I'd rather have a simple design (benchmarks always start with a fresh buildlet, as a new work unit) and pay the cost of untarring the work that was just done a moment ago in the uncontended case.

But in the contended case (like this morning), we'd free up the buildlets for important work (trybots, building the release-branch.go1.8 most recent commit, etc), and catch up on benchmarking later when idle.

@quentinmit: I'm talking only about trybot runs - benchmarks are just as important for as test results for trybots. I completely agree for non-trybots that they should be separate and lower-priority than builds.

Okay, with that, I believe that brings this issue up to the current state of discussion.

quentinmit commented 7 years ago

Okay, so, if I understand your proposal correctly, you want us to treat benchmarks as another type of helper buildlet, so we untar the snapshot built by make.bash and then run the benchmarks in a fresh buildlet.

Understood, and that makes sense (bearing in mind the overhead of starting another VM, which can be mitigated with your reuse proposal). In the meantime until we do that, I'd like to just put that logic here into buildStatus, so that if the parent commit is ready, we pass the buildlet client off to runBench to reuse instead of getting a new one. This is much simpler than the generic reuse you proposed, because we already know the buildlet is in an okay state because we know the make and test just finished.

Now, given that, I'm still unsure of exactly how to tie that into the existing buildStatus struct and logging infrastructure. Do you have any suggestions that differ from what I proposed above in e-mail?

bradfitz commented 7 years ago

Okay, so, if I understand your proposal correctly, you want us to treat benchmarks as another type of helper buildlet, so we untar the snapshot built by make.bash and then run the benchmarks in a fresh buildlet.

I want to treat each benchmark as a unit of work that needs to be done, just like a "go tool dist test --list" work unit. I don't care whether it runs on the initial buildlet or on one of the helper buildlets.
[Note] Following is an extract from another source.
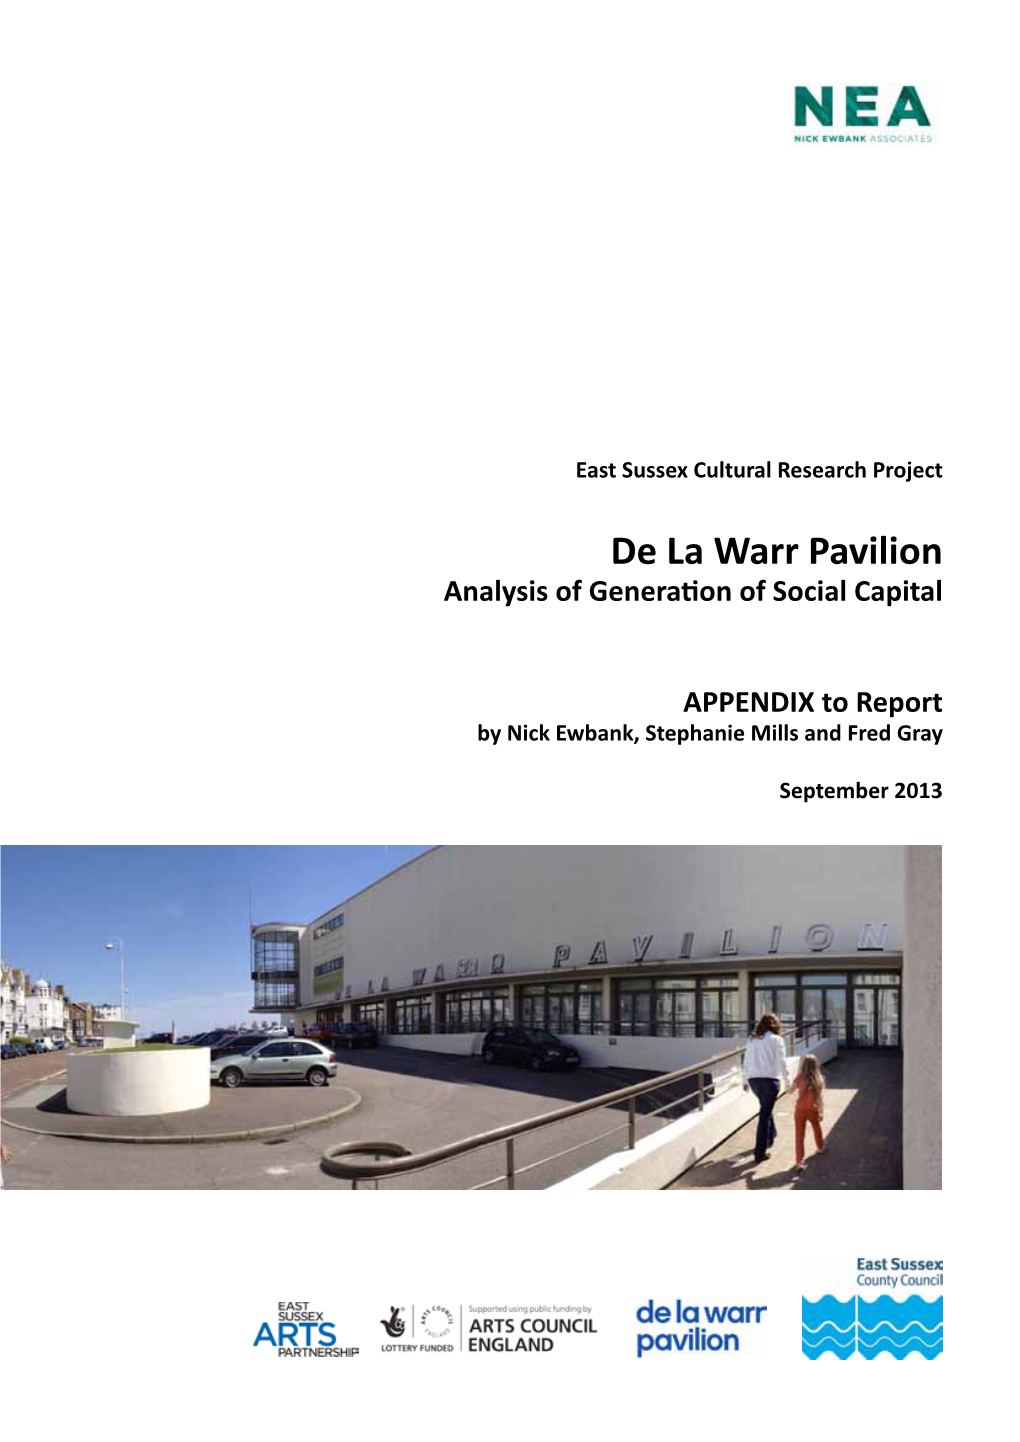 Social Capital & the De La Warr Pavilion

Ideally they'd run on all N of them, including the original one, in parallel. (I assume we're running more than 1 benchmark, and running it more than 1 time.)

Understood, and that makes sense (bearing in mind the overhead of starting another VM, which can be mitigated with your reuse proposal).

We already have the buildlets available. We just created ~N=5 to run unit tests on, and now they're idle. (Also, the Kubernetes buildlets create in seconds. There's not much overhead there.)

You'd need to modify runAllSharded to not destroy the helper buildlets when they're done with unit tests.

In the meantime until we do that,

Let's not cut corners. I have to maintain this. If there's a dependency to do, do that first.

I'd like to just put that logic here into buildStatus,

The logic for what?

so that if the parent commit is ready, we pass the buildlet client off to runBench to reuse instead of getting a new one.

Reusing the idle buildlets is fine.

Other question: are you only doing benchmarks for the main repo ("go") or also for subrepos?

bradfitz commented 7 years ago

What work does the benchmarking need to do, and what environment does it need?

It needs the output from make.bash. How many benchmarks does it run, and which, and how many iterations? Can the iterations run on different VMs if they're the same processors/sizes?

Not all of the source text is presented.